Giving the gift of Democracy (which doesn't work so well here, I might add) to Iraqis whose apparently unanimous rebuttal is "Who the hell asked you, anyway?" Can you smell what The Rock's cooking now? Mmm...that's right! That smell is just a little bit of Freedom, bitches!

Whether you like it or not.

Giant robots fighting would give us valuable entertainment--and I think everyone can agree that we deserve at least a little entertainment--and it would cut down on the number of casualties from...umm...let's see...27,000 to... well... between 0 and 1, rounding to the nearest whole number.

I think it's only fair that a living, breathing human would have to be piloting the giant robot. I mean, gladitorial combat would lose all of its fun if there wasn't the possibility of death. We can genetically engineer and specially train these pilots from birth and that's all we'd need them for.

And hell, once this little scheme has solved all of the world's problems, we can start having giant robot fighting leagues. That would be sweet. It might even me a new Olympic event!

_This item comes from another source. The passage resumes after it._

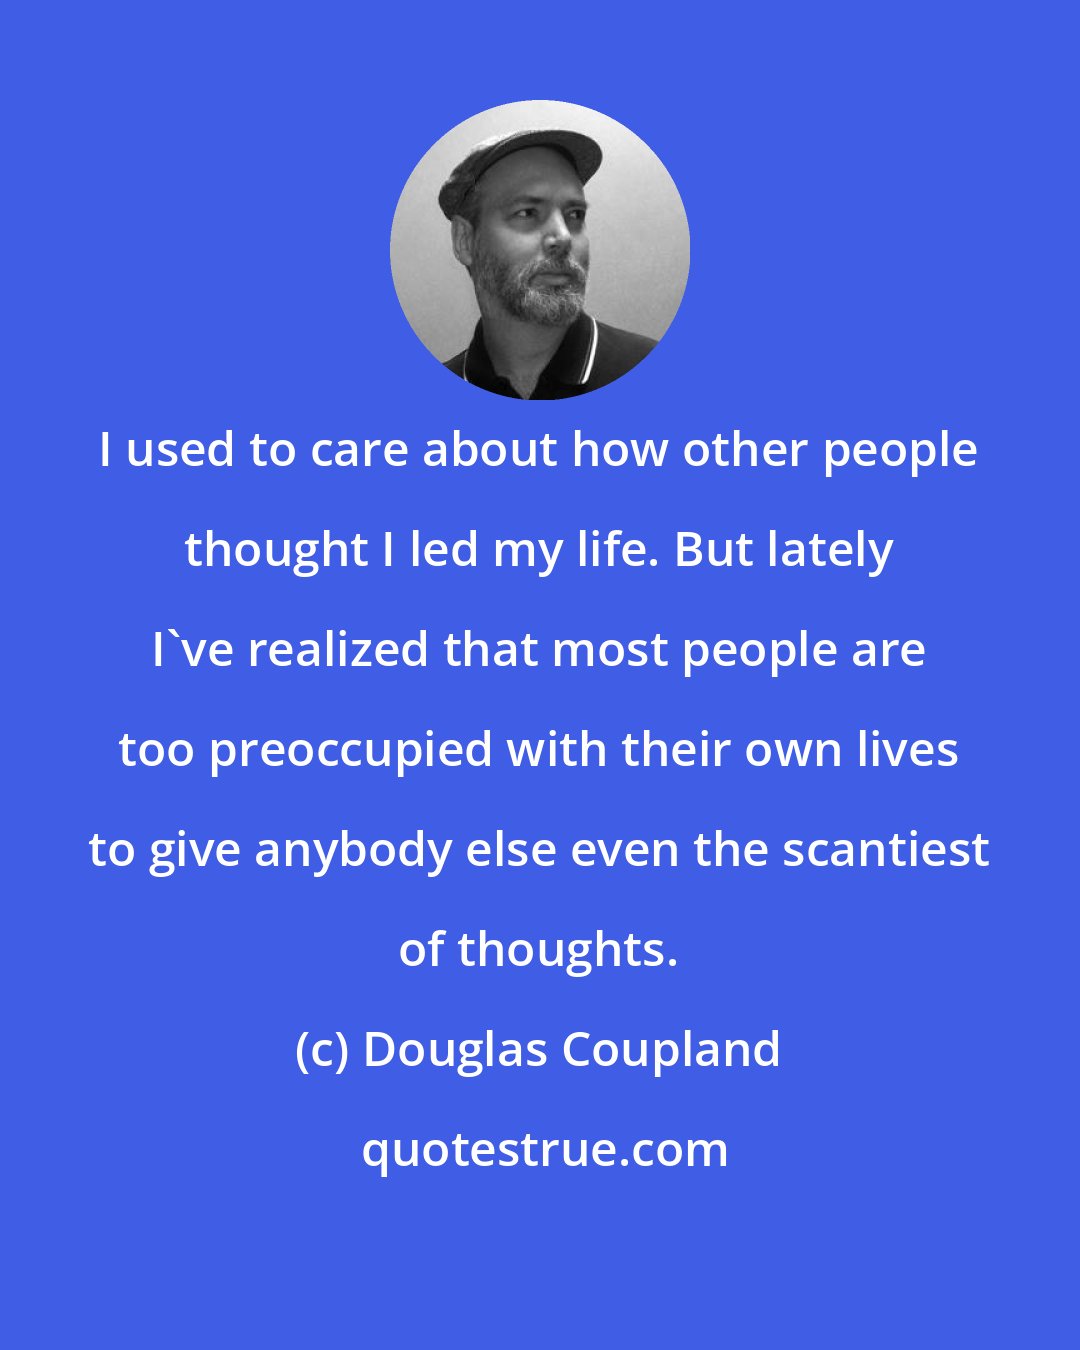 Douglas Coupland: I used to care about how other people thought I led my life. But lately I've realized that most people are too preoccupied with their own lives to give anybody else even the scantiest of thoughts.
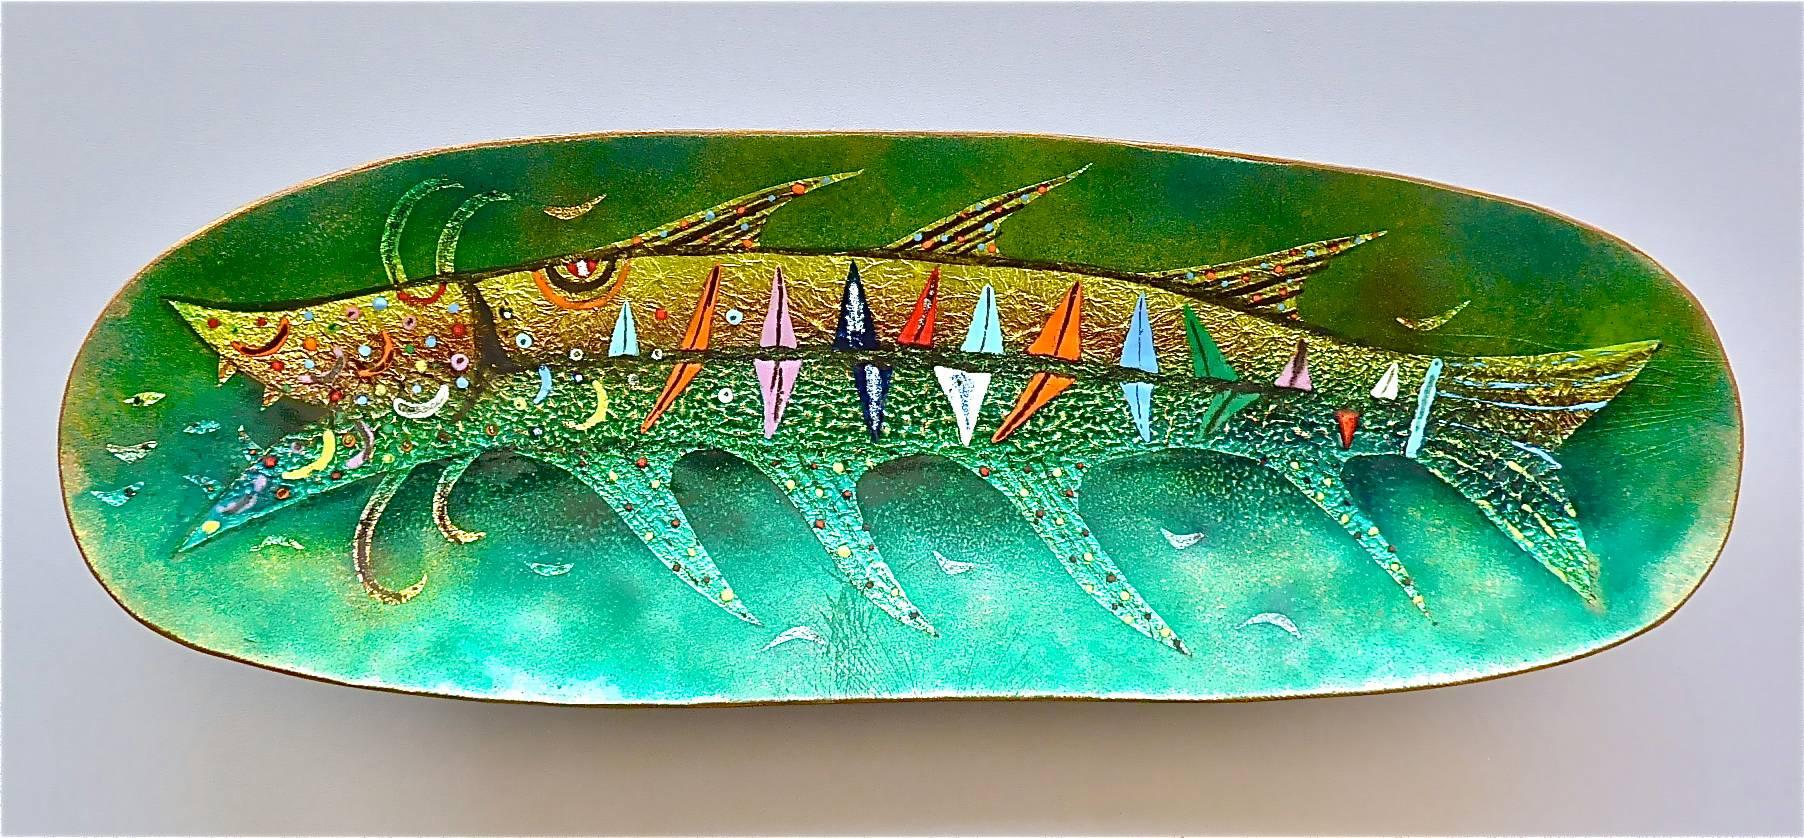 Large Green Colorful Enamel on Copper Fish Bowl De Poli or circle, Italy, 1950s 3

And speaking of that, what's with all these pussies saying that athletes shouldn't use performance enhancing drugs? I mean, wouldn't sports in general be more interesting if everyone across the board were juicers? Let's require steroids and crystal meth and...I don't know...crack or something. I think if there's enough money pumped into it, we'll see safer and more effective stimulants and 'roids to make our athletes better and better.

Besides, sports are boring as they are. If we kicked everything up a notch, maybe we'll see some crazy shit new records for...I don't know...the hundred meter dash and home-runs and most touchdowns in an inning or something.

It'll be a brave new world of athletics and warfare. Instead of just televising wars, let's make wars into the entertainment event of the summer! Time it for sweeps, and then totally bank. I bet Rupert Murdoch, in all of his crotchety Australian glory would agree.